# Show your resins



## GoodwrenchIntim (Feb 22, 2005)

a few ive did 







Original is in the back that i modeled



















































this one i did but no pics of the resin yet


----------



## GoodwrenchIntim (Feb 22, 2005)

Have a truck painted but no pics either


----------



## Bill Hall (Jan 6, 2007)

Love the slammo pop top.


----------



## Hilltop Raceway (Feb 12, 2006)

WooHoo, more casters!!! I'm in the learning stages or wanna b stages myself. Can you tell me what brand of clear resin mix you used. I tried some from Hobby Lobby, from the craft section. I mixed up a pour, it's been 3 days, and it's still tacky. Help!!! Please!!! RM


----------



## GoodwrenchIntim (Feb 22, 2005)

the clean is castin'craft brand, i got it at Micheal's arts an crafts, its VERY brittle when hard so they are good for show an thats all


----------



## bobhch (Apr 22, 2007)

*hey lets see some pics here people!!!!!!!!!!!!!!!*



GoodwrenchIntim said:


> the clean is castin'craft brand, i got it at Micheal's arts an crafts, its VERY brittle when hard so they are good for show an thats all


Castin'craft clear body looks great. Have some but, have not used it yet. Sounds like if will be fun stuff to use. Thank you for showing these pics and they look great. hojohn should be showing up soon with his stuff I bet.
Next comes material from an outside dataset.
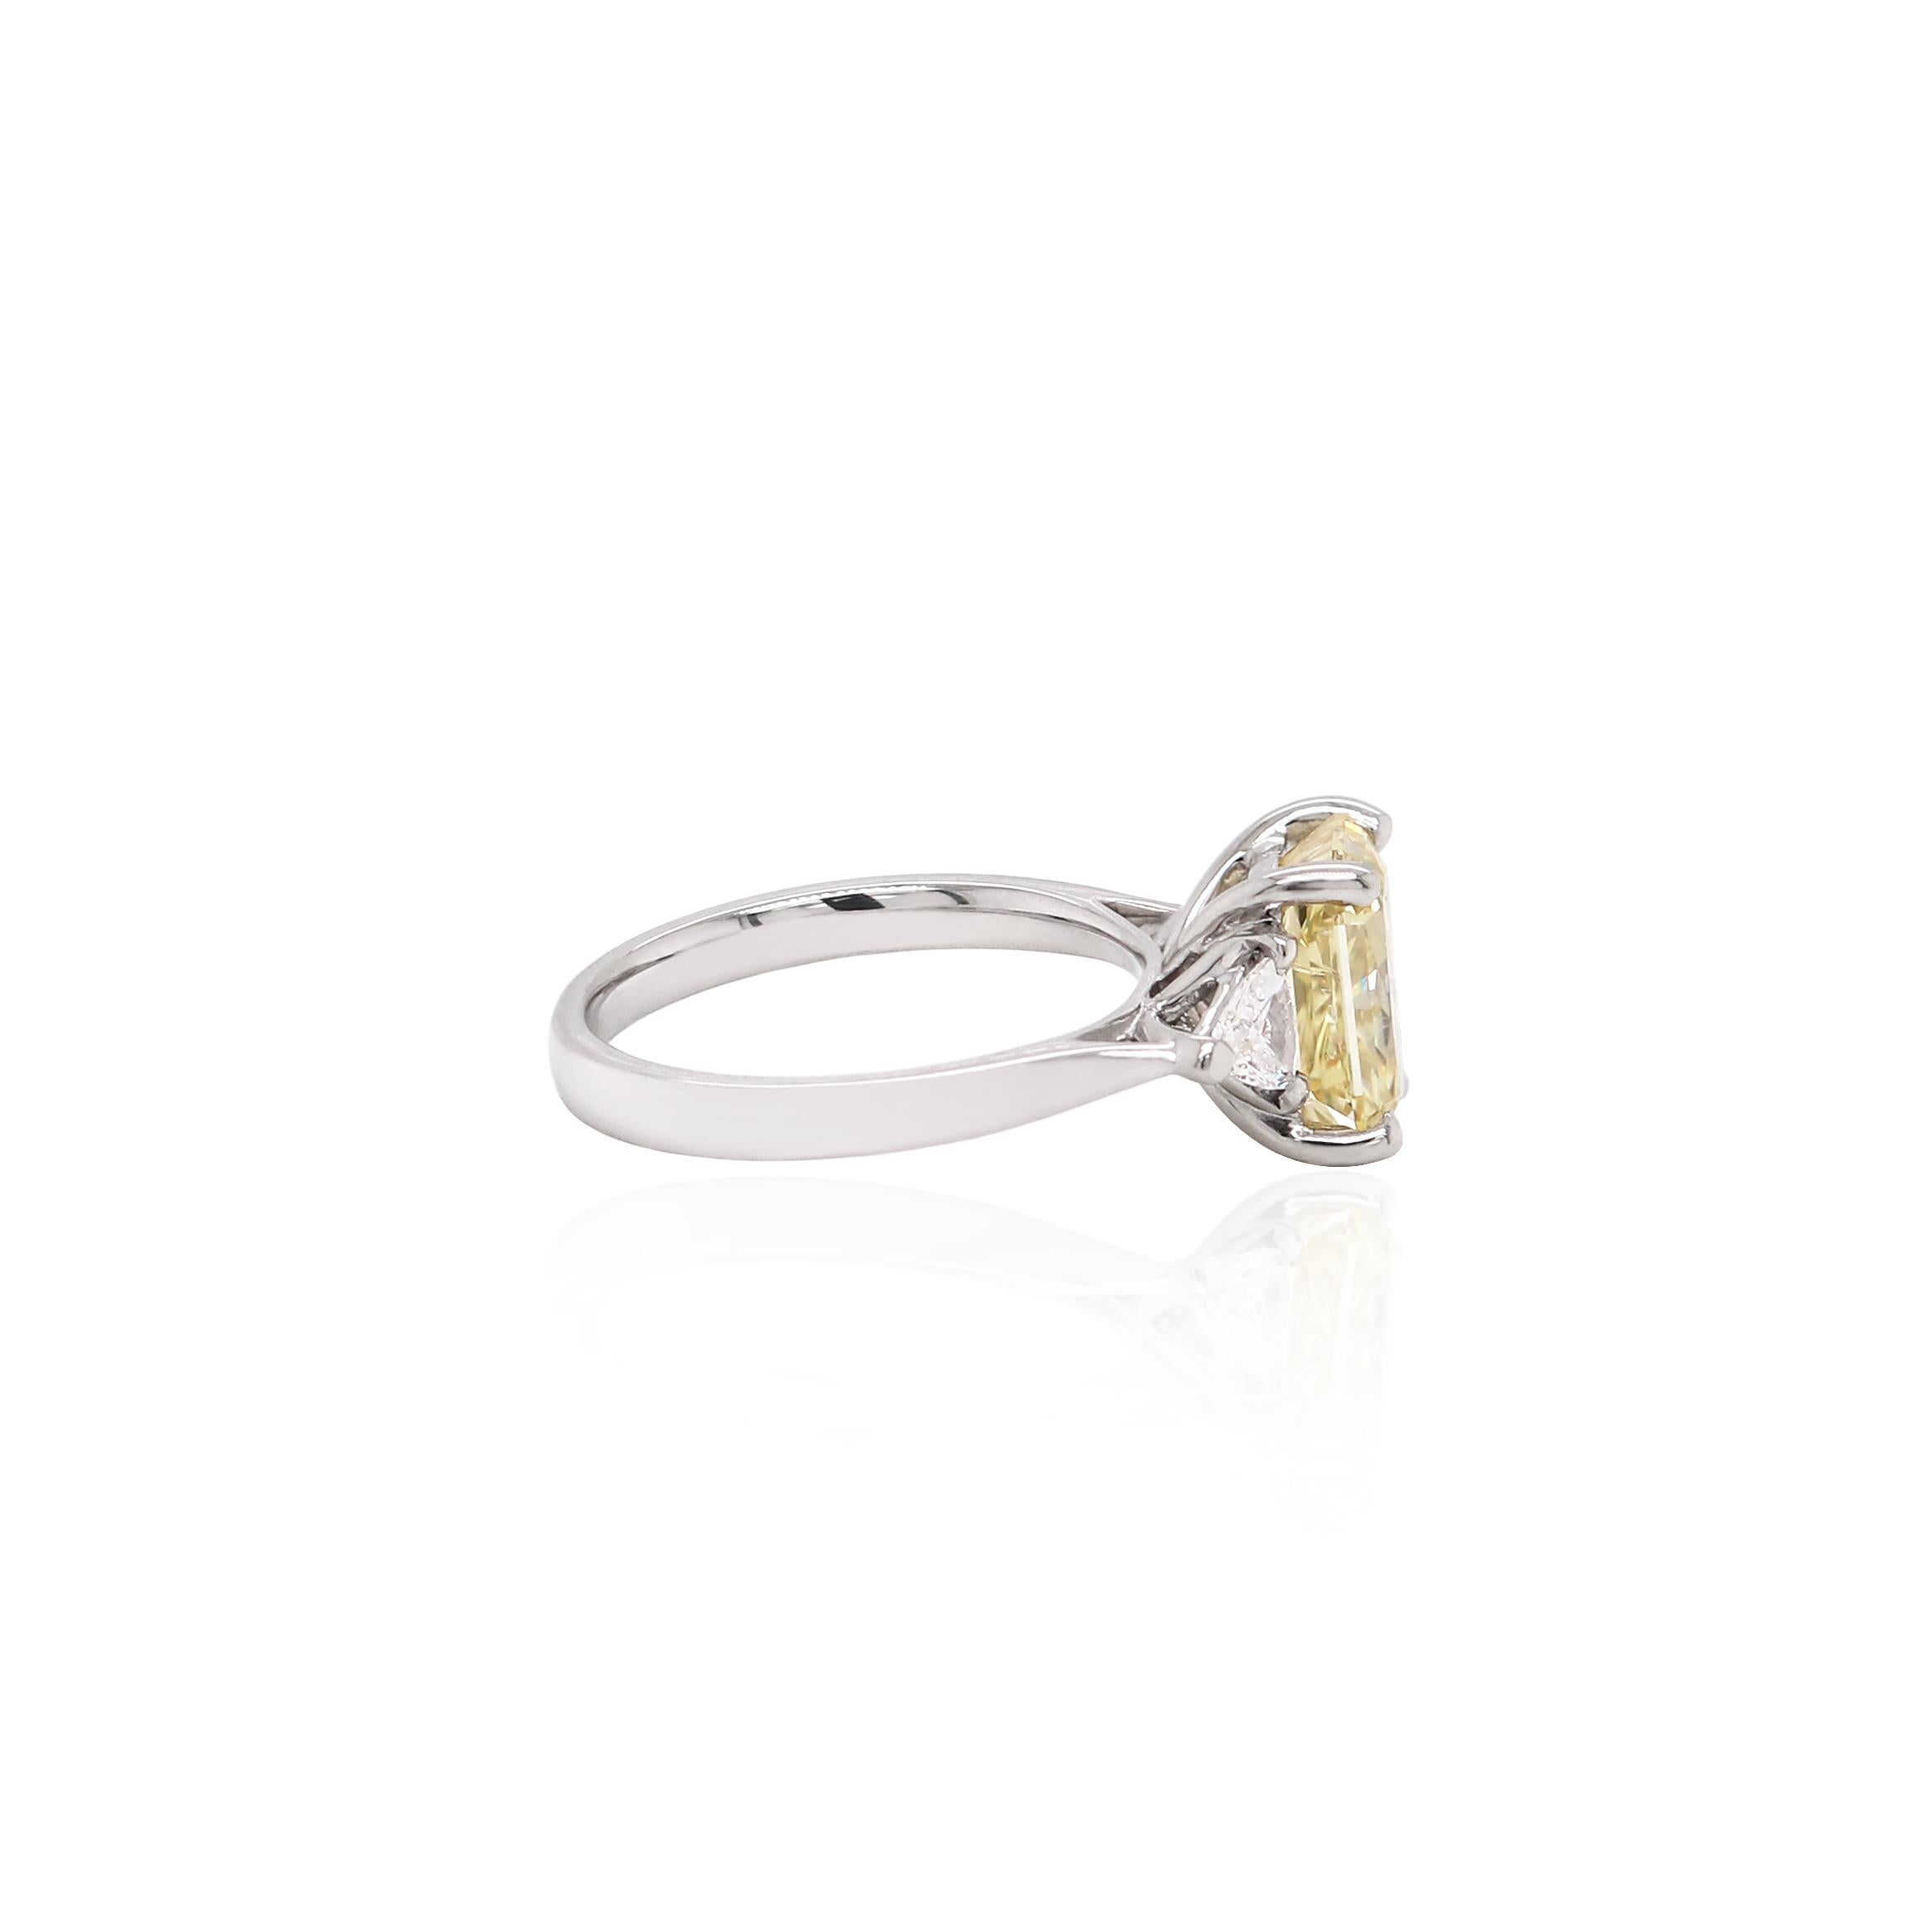 This exquisite engagement ring features a certified fancy intense brownish yellow radiant cut diamond in a four claw, open back setting. This beautiful diamond is accompanied by a trillion cut diamond on either side weighing a total of 0.35ct in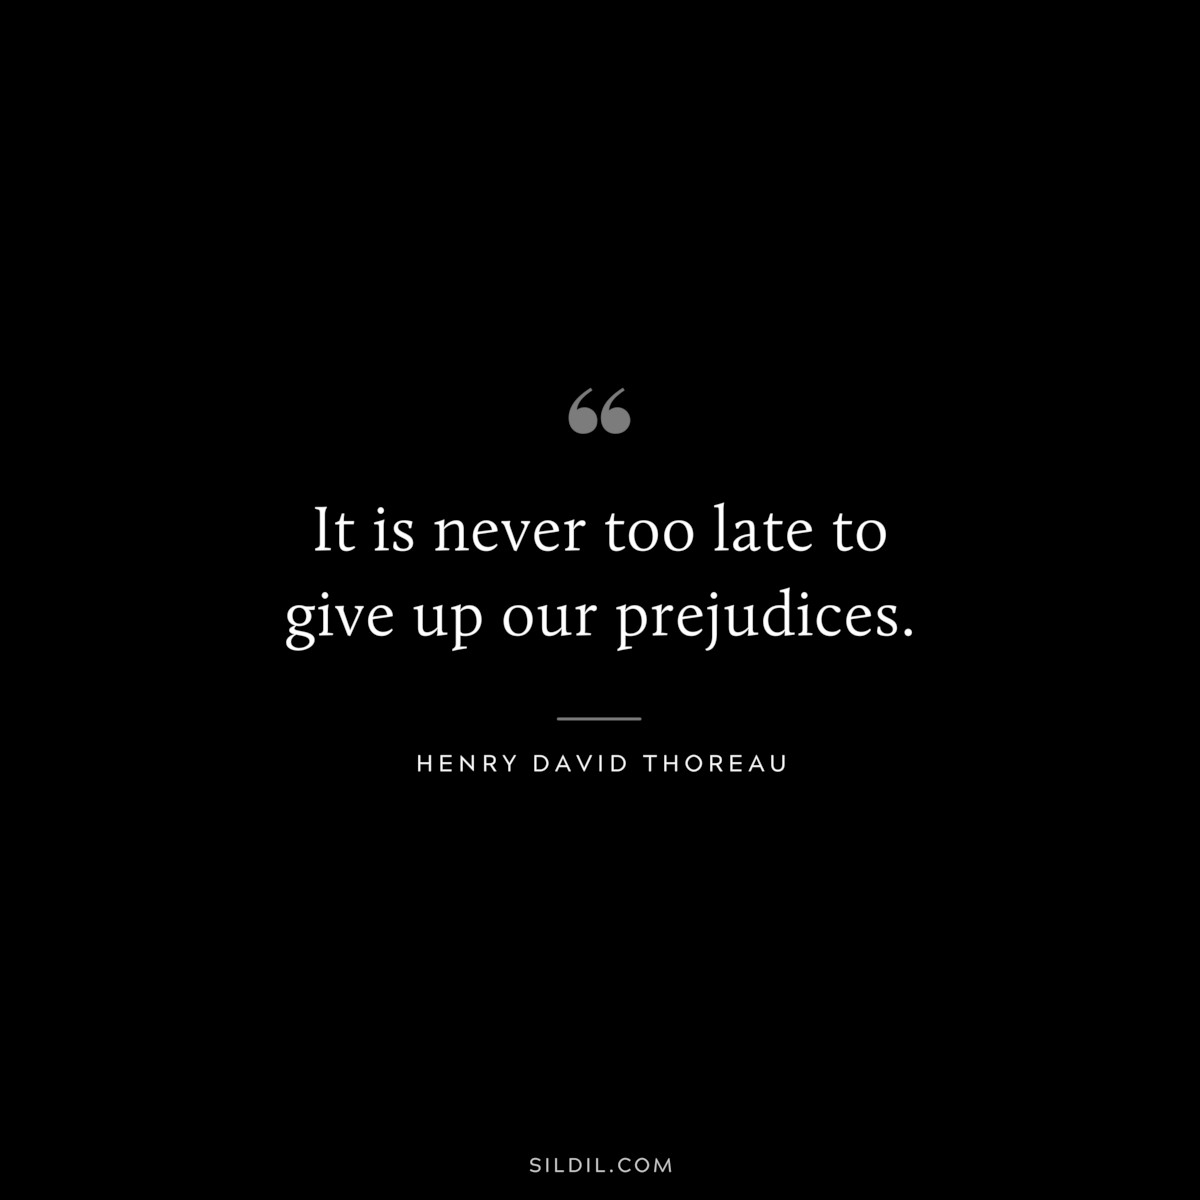 It is never too late to give up our prejudices. — Henry David Thoreau

Don't let Hilltop fool yah GoodwrenchIntim as he is no rookie at anything. A Wolfe in sheeps cloth I'd say. Baaaaaaaaaaaaaaaaahahahahah 

Hilltop can do some stuff...great guy also. 

Here are some Porsches I have done up. They were Auctioned off at the last HOHT Auction so, they are gone now...bye, bye cool little slot cars...bye, bye.





































Great thread idea!! Will post some more pics up soon.

Maisto has an El-cheapo diecast line of cars at Wallgreens and I picked up a few tonight as they have great possibilities for casting. One of them was an Armored truck, another was a Porsche 356A and yet another was the newer VW Bug.

Bob...need more hours in the day...zilla


----------



## GoodwrenchIntim (Feb 22, 2005)

ok the 57


----------



## Hilltop Raceway (Feb 12, 2006)

Here's a resin Porsche from Ol' Baaahaaahaaahob...I like to cast...zilla himself, even sent me the RCA stickers, what a guy!!! Sprayed on a little color, a little detail work, added windshield from some scrap plastic, added a roll bar made from styrene tubing. AFX wheels on a T-Jet chassis...RM


----------



## NTxSlotCars (May 27, 2008)

HEY, what kind of car is that on the rack??!!! Is that cast too?

Rich


----------



## Hilltop Raceway (Feb 12, 2006)

Rich, that's one I've been trying to cast.


----------



## GoodwrenchIntim (Feb 22, 2005)

How are you guys getting all the air bubbles out of your molds??, I seem to get some no matter what i try


----------



## GoodwrenchIntim (Feb 22, 2005)

BTW picked up a 62 custom chevy pickup,super tuner truck( not sure what make)Honda civic SI,Astro Martin, Ferrari FXX an a Ferrair Enzo Hot Wheels that are gonna be the next to get molded


----------



## Hilltop Raceway (Feb 12, 2006)

This is a Hot Wheels copy the boys have been working on...RM


----------



## ScottD961 (Jan 31, 2008)

Nice cars hilltop !:thumbsup::thumbsup::thumbsup:


----------



## pshoe64 (Jun 10, 2008)

*Air Bubbles*

"How are you guys getting all the air bubbles out of your molds??, I seem to get some no matter what i try"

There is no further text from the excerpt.